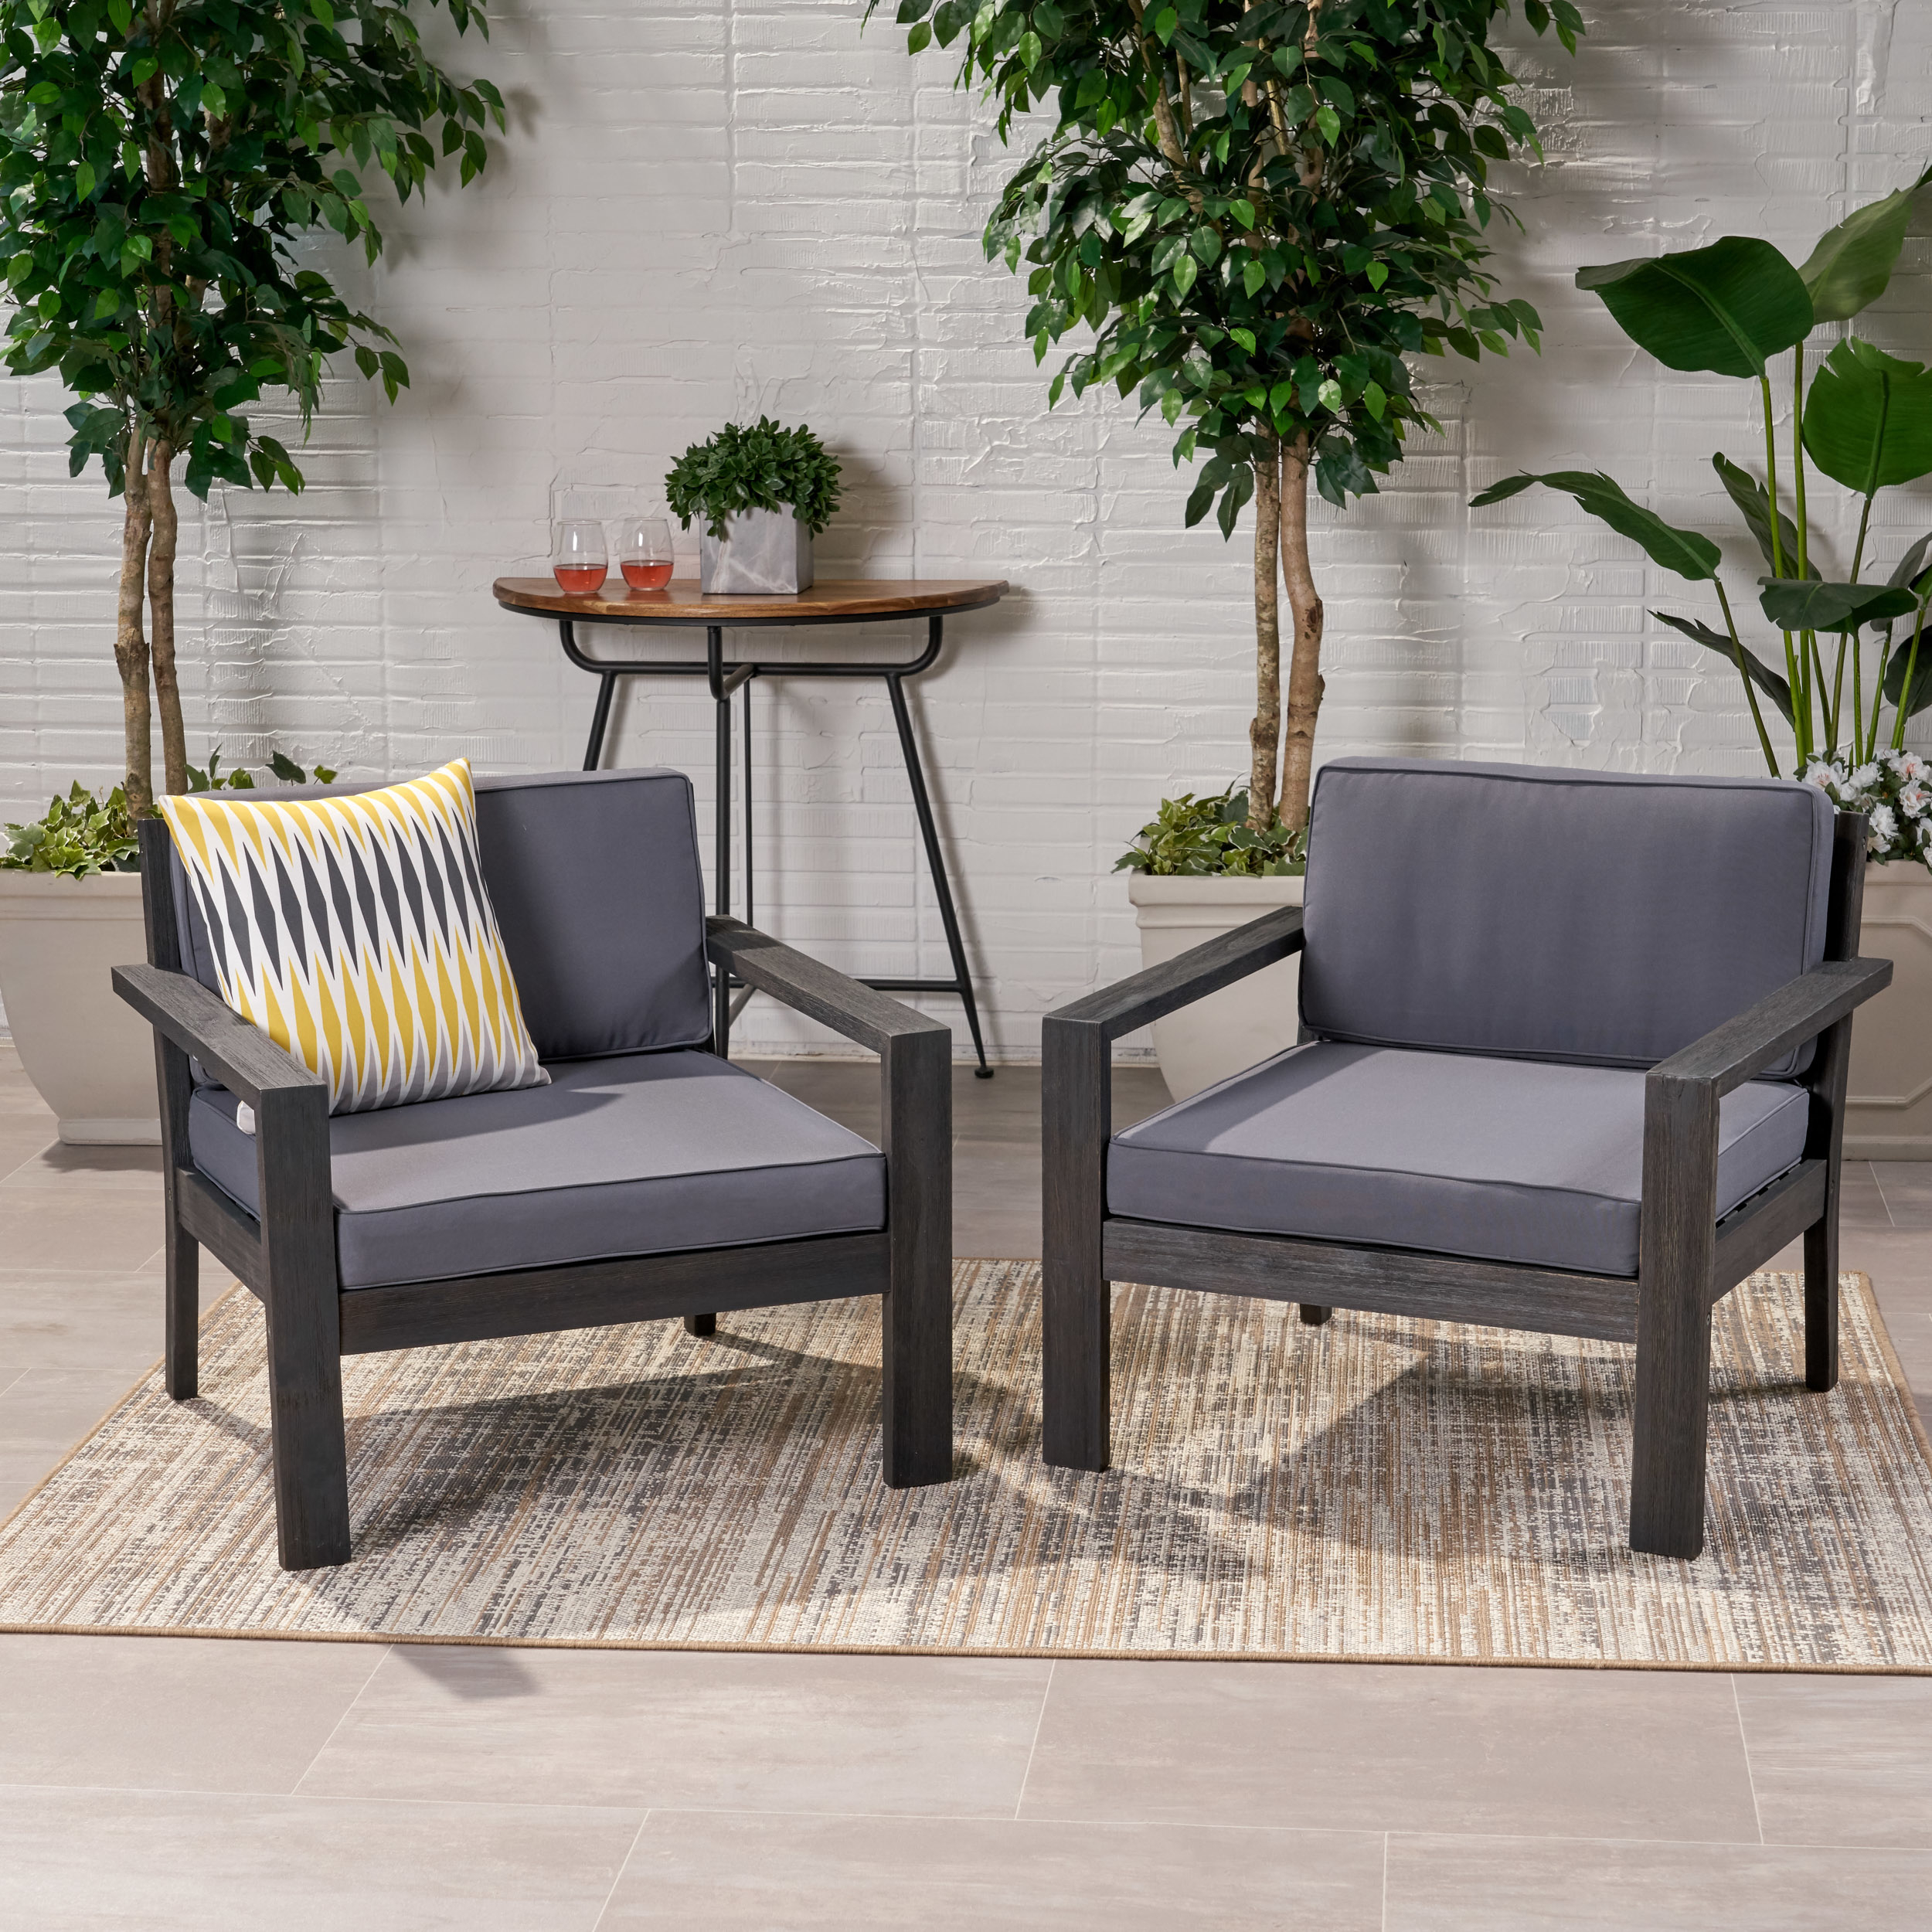 Susan Outdoor Acacia Wood Club Chairs With Cushions (Set Of 2) - Brushed Dark Gray Finish, Dark Gray
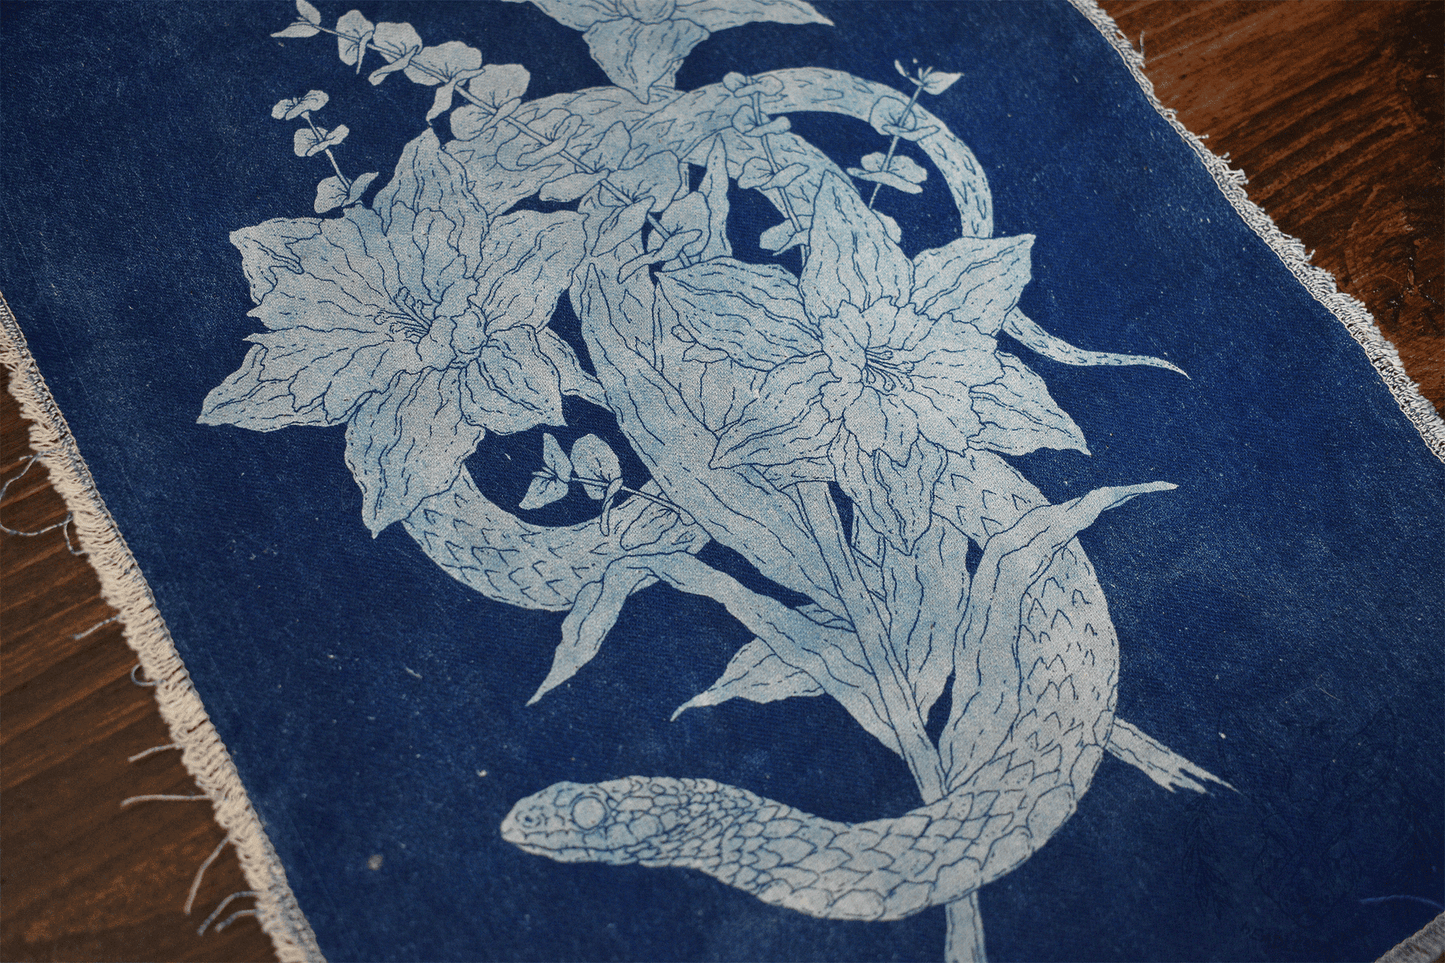 Original-Tethered-Fabric-Cyanotype-Sun_Print-Artwork-Snake-Flowers
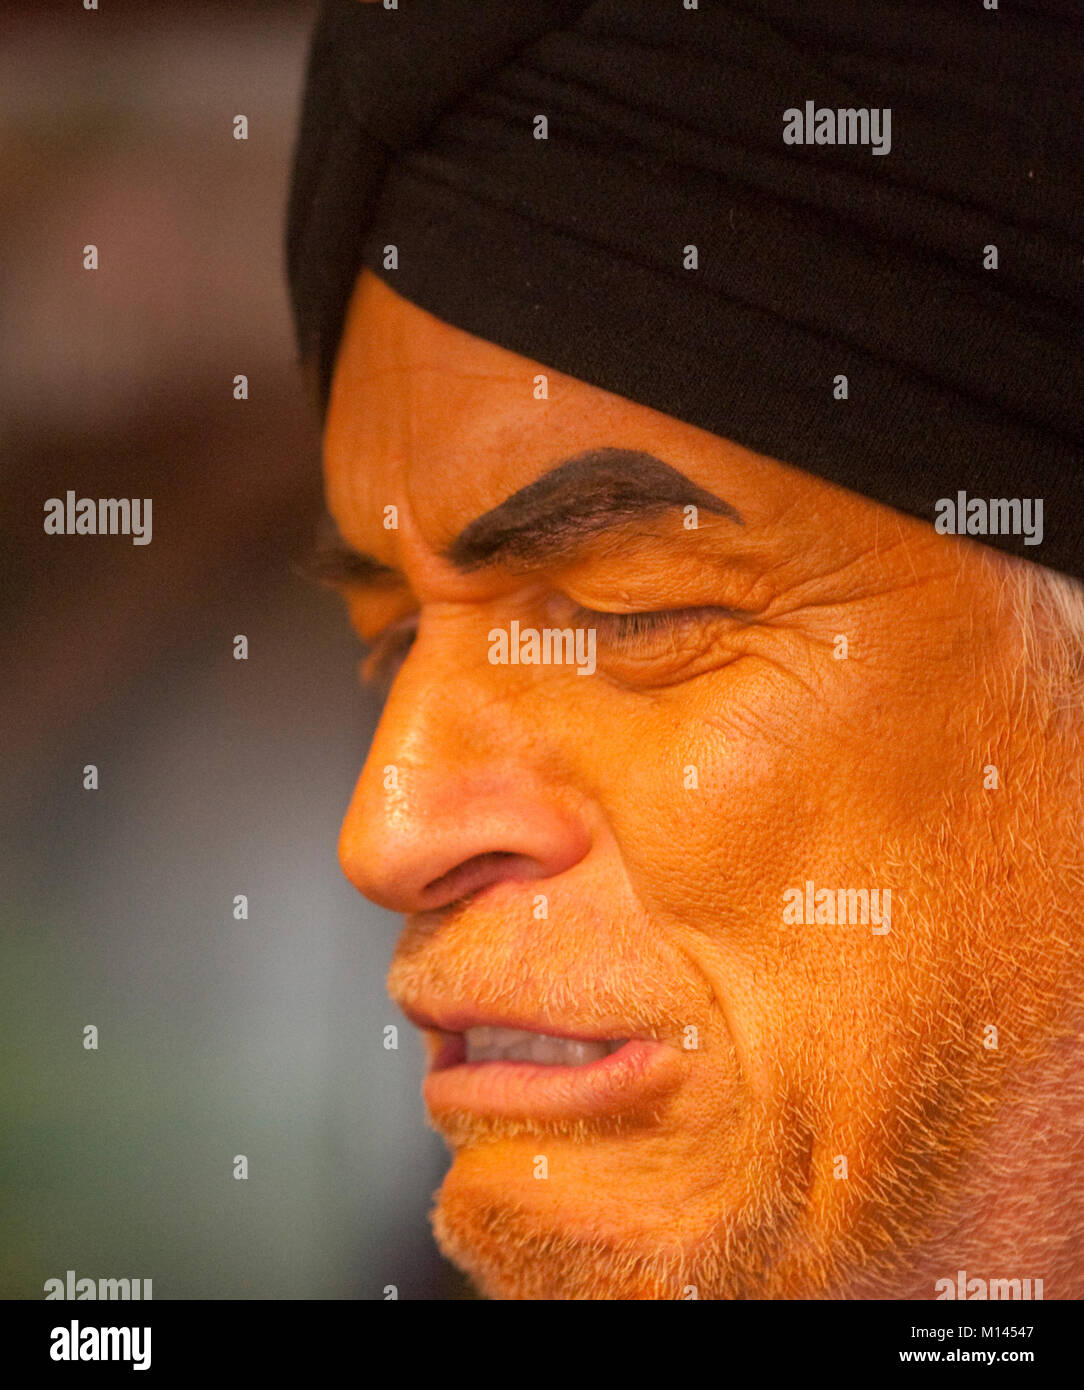 Orange faced man in a purple vest and black turban. Stock Photo

__TASK OBJECTIVE__. Would you repeat each line of the listing exactly, skipping any picture?

__RESPONSE__.
 Susan Outdoor Acacia Wood Club Chairs With Cushions (Set Of 2) - Brushed Dark Gray Finish, Dark Gray
 Original-Tethered-Fabric-Cyanotype-Sun_Print-Artwork-Snake-Flowers
 Orange faced man in a purple vest and black turban. Stock Photo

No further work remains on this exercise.